Configure Agent Flow

This metric needs to be manually customized to include your own natural language tests.
1

Create a copy of the Agent Flow metric

From the Metrics Hub, select the Agent Flow metric. You will get a popup asking you to duplicate the metric. Select Duplicate metric to create a copy.The agent flow metric with the duplicate metric popup
2

Locate the user defined tests section

Locate the user defined tests section in the prompt.
<user-defined-tests>
{{ Add your tests here }}
</user-defined-tests>
3

Customize the prompt by adding your user-defined tests

This prompt needs to be customized based on your application, and the inputs and outputs you are expecting. Replace {{ Add your tests here }} with a numbered list of tests in natural language that can be used to evaluate the agent efficiency. This can include:
  • Expected tool or agent calls, using the tool or agent names
  • Conditions on tool or agent calling (e.g. if tool x is called, don’t call agent y)
  • Expectations around the input or output parameters to tools and agents
  • Limitations on the number of tool or agent calls
For example, imagine you were creating an agent to provide advice on exercises for different body parts, such as for a physical therapy application. This has multiple tools, including list_by_target_muscle_for_exercised, list_by_body_part_for_exercised, list_of_bodyparts_for_exercised.
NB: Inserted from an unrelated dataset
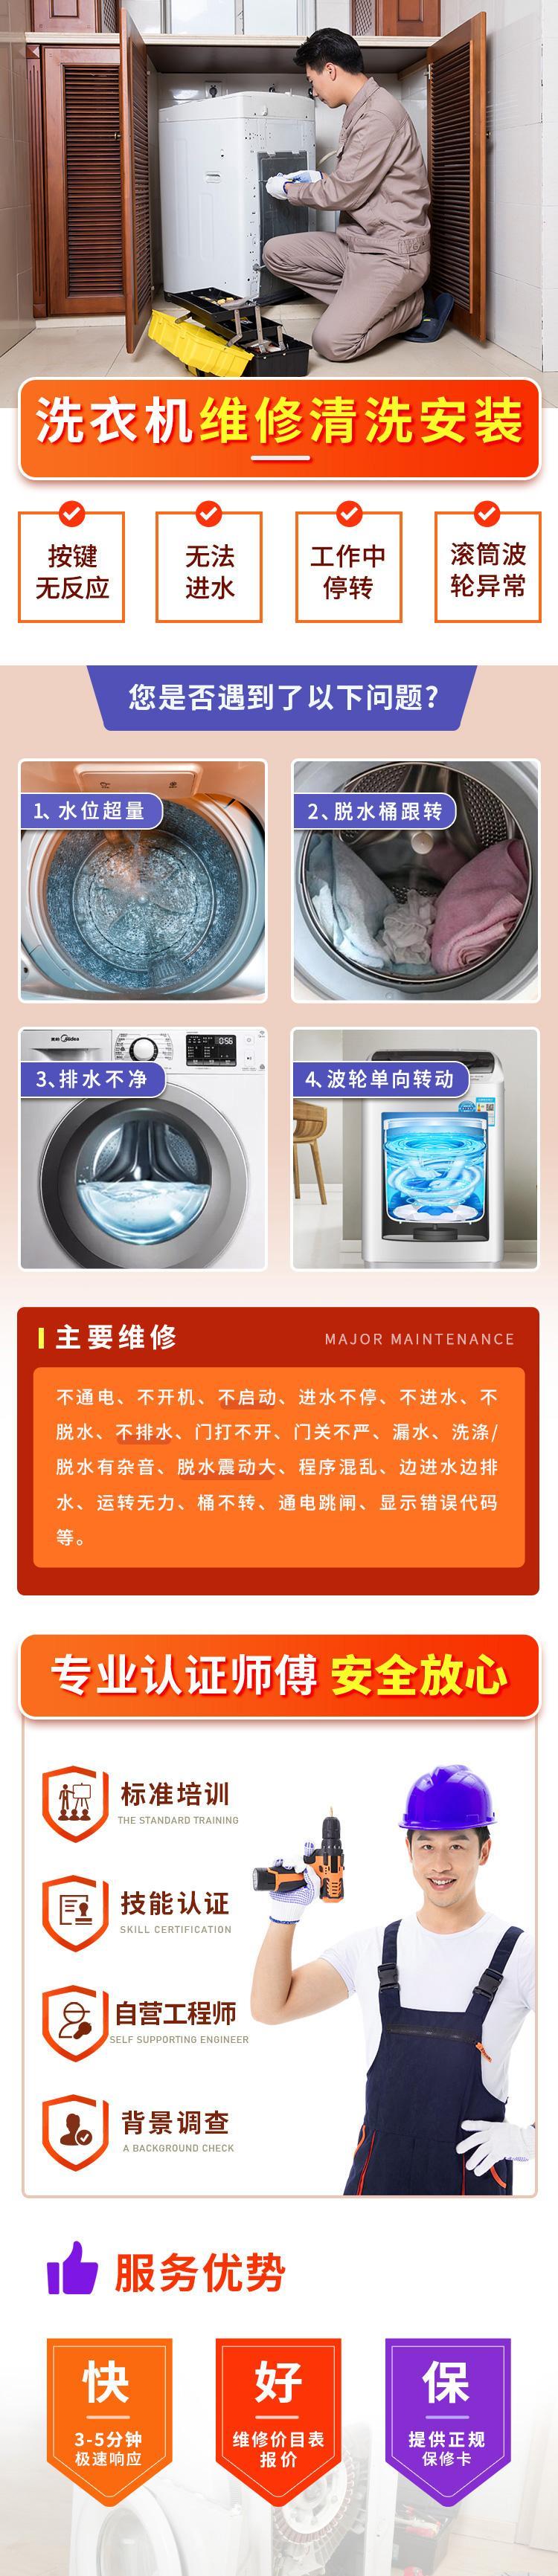 非啄木鸟-洗衣机维修.jpg

Some user tests might be:
1. If a call to "list_by_target_muscle_for_exercised" returns an error that contains the text "target not found", the agent should subsequently attempt an alternative lookup by calling either "list_by_body_part_for_exercised" or "list_of_bodyparts_for_exercised"
2. When the user asks for exercises that target leg muscles, the agent must call at least one of the tools ["list_by_target_muscle_for_exercised", "list_by_body_part_for_exercised"] during the conversation
3. After receiving a successful response from "list_by_body_part_for_exercised", the agent's following natural-language message must contain at least one exercise name, the corresponding equipment, and an animated demonstration URL taken from the tool output
4. Every invocation of the tool "list_by_body_part_for_exercised" must include the required parameter "bodypart"
5. After receiving data from list_by_body_part_for_exercised, the agent response must include the exercise id for every exercise it presents to the user
6. No assistant message should include more than one tool invocation
7. The agent should conclude the conversation with a human-readable answer that summarizes the requested leg exercises using data returned from the tools
4

Save the metric

Save the metric, then turn it on for your Log stream.

Best practices

Trajectory tests are similar to unit tests for the agents trajectory, to check if certain conditions are followed during the agents path. You should write all the tests in a numbered list. For example:
1. If X happens then ask the user Y and call tool Z.
2. X tool is always called before Y tool.
3. When user asks X reply with Y
4. The tool Y should be called once in the conversation.
Each test should check for one single condition only. Tests should be logically consistent, and well defined.